Anyone interested in pursuing the subject further will find by an examination of the notes in 100 A. L. R., 1158, where the *581case of Pruitt et al v. Glen Rose Ind. School District, (supra) is reported, that the conclusion in such case is supported by the great weight of authority.

Apparently the State upon original submission of the present case relied upon Germany v. State, 109 Tex. Cr. R. 180, 3 S. W. 2nd 797, 802. Appellant insists that the holding in the said case is in conflict with those announced in the Glen Rose and Odem cases, (supra). There may be some expressions in the Germany case which appear to present a conflict, but when the facts in the latter case are understood the conclusion reached is thought to be not out of harmony with the conclusions arrived at in the cases referred to.

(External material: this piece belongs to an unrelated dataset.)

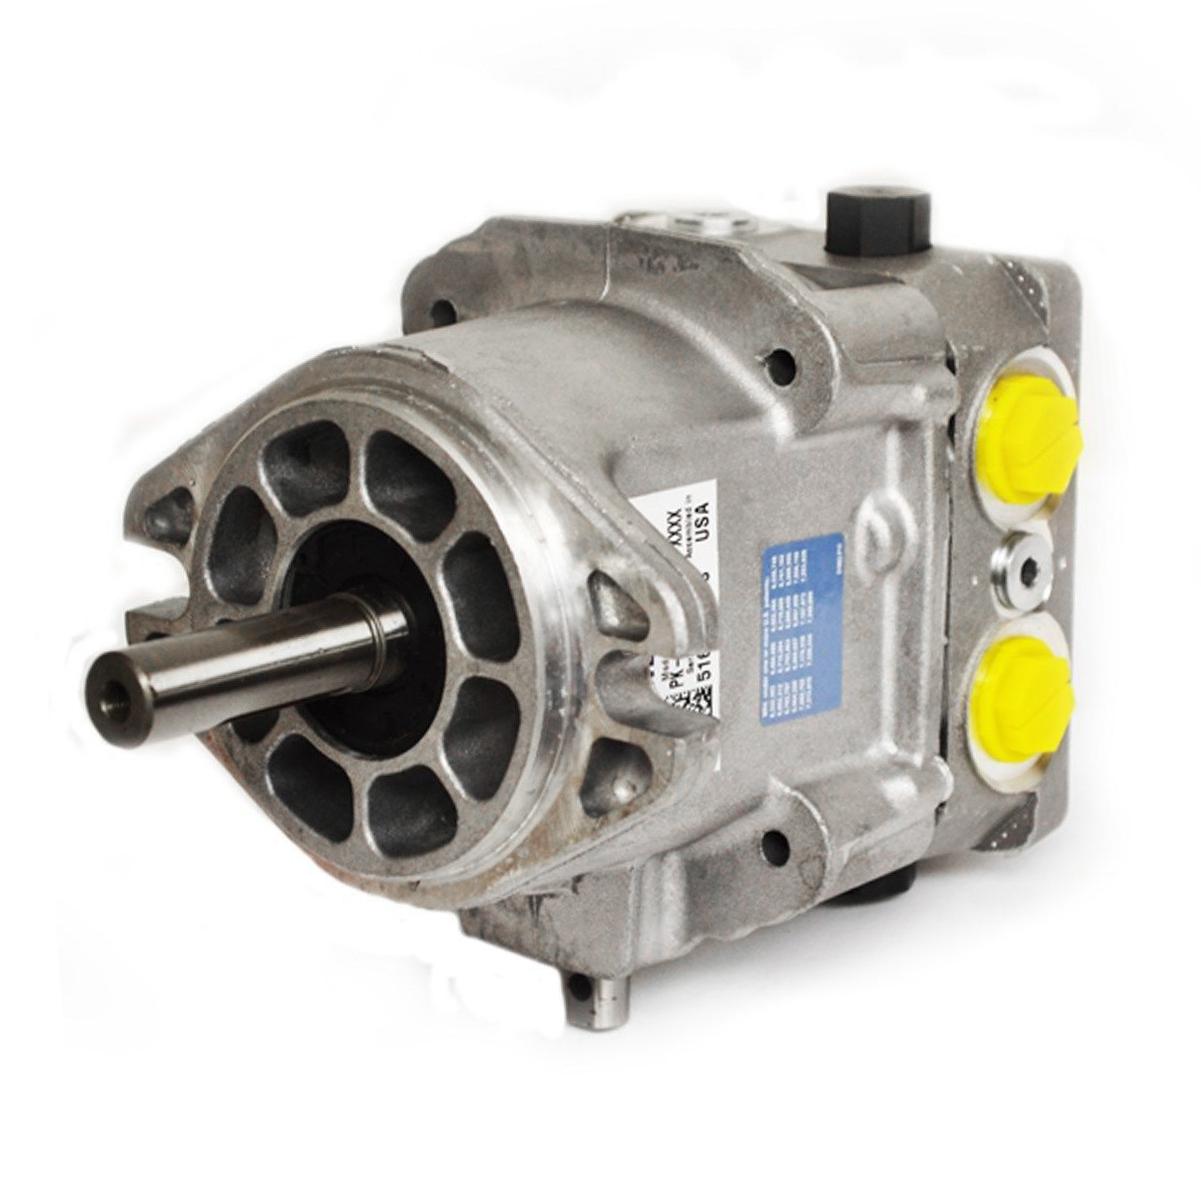 Hydro-Gear Pump PK-BGAB-EY1X-XXXX / Exmark Lawn Mowers / OEM 116-2444, 103-7262, PJ-BGAB-EY1X ...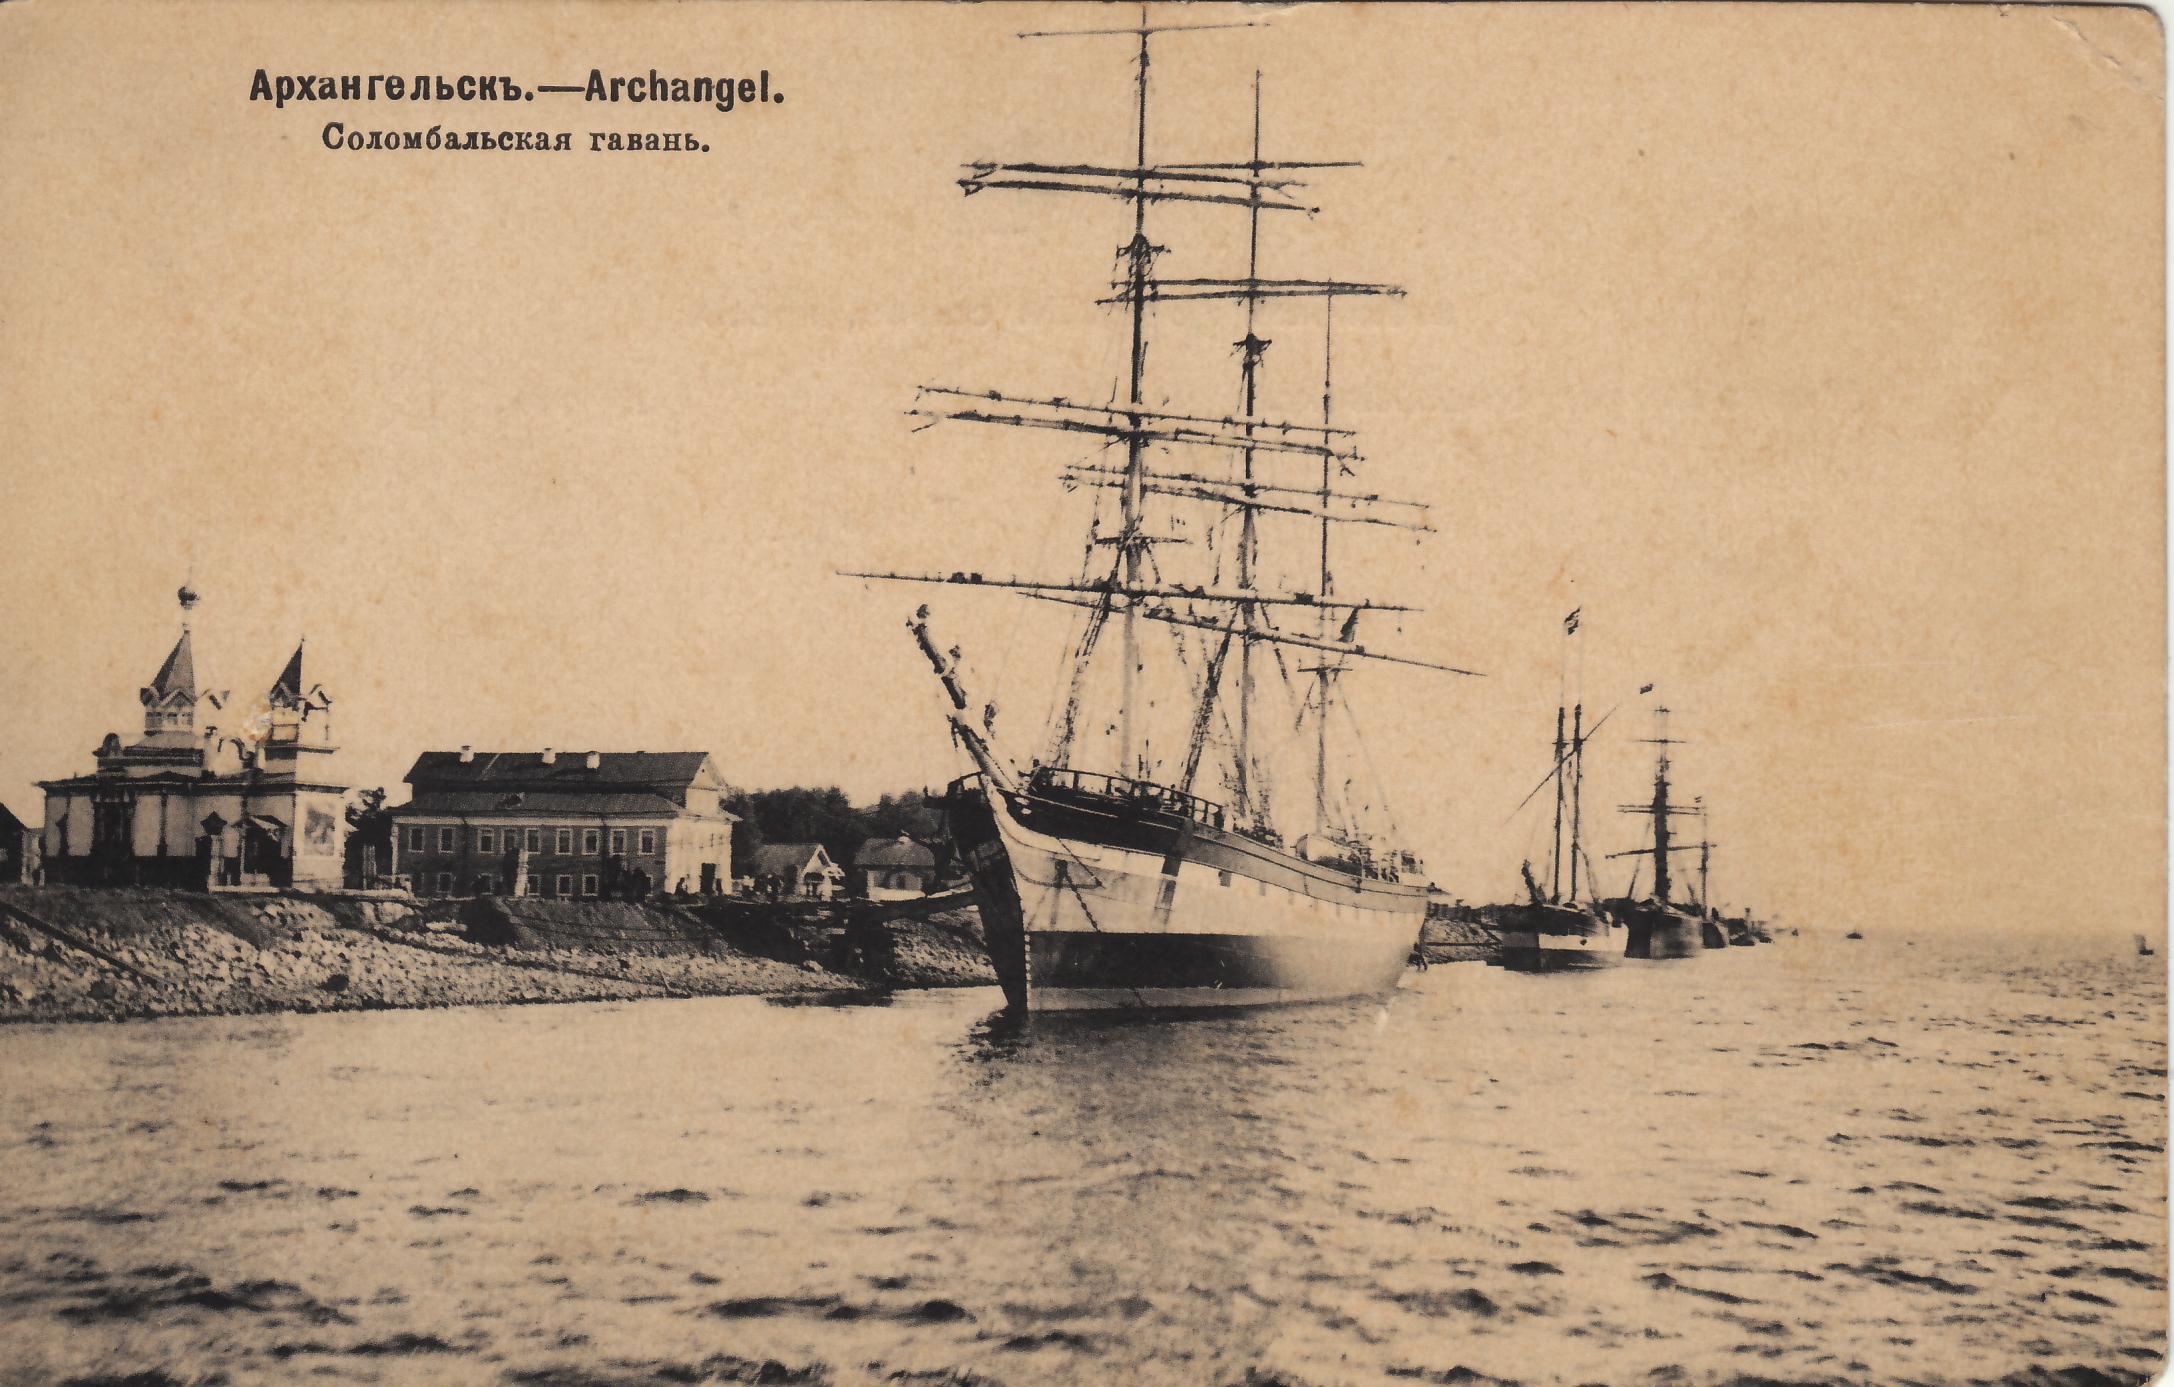 Соломбальская гавань

Germany was prosecuted for misapplication of public funds as an officer of the City of Lubbock. The charter of the city provided for the offices of City Tax Collector and City Secretary, and also provided that the city authorities might consolidate the two offices. The city appointed Germany as City Tax Collector and later also appointed him as City Secretary. The city authorities passed no formal order consolidating the two offices, but under the appointments Germany performed the duties of both offices for a number of years. When prosecuted as the city collector he claimed that he had vacated that office when he accepted the appointment as City Secretary. In the opinion on rehearing is found the following language: “The commission having power to consolidate the offices of secretary and collector, and assign the duties to one person, and having by long course of dealing recognized the authority of the appellant to act as collector, was not, it is believed, precluded from holding him responsible for his acts as collector by the failure of the city authorities to pass an ordinance of consolidation.” This indicates that in the opinion of the court the facts there present had the same effect as an order of consolidation of the two offices would have accomplished and that the prosecution in the manner followed was proper.

Complaint is renewed in appellant’s motion for rehearing that the court submitted the case to the jury in such manner as authorized a conviction if appellant was the agent or employee of the school district regardless of the averment that he was an officer. This was called to the court’s attention by proper objection to the instructions. The writer is of opinion there is merit in the objections, but pretermits discussion because of the disposition of appellant’s motion on the other grounds discussed.

*582Further consideration has led us to the conclusion that we were in error in our judgment of affirmance. Appellant’s motion for rehearing is granted, the judgment of affirmance is set aside, and the judgment of the trial court is now reversed and the cause remanded. The order of dismissal of the prosecution under the present indictment is not here made because the evidence upon another trial might not be the same. What has been said is sufficient to g'overn the State in any further prosecution.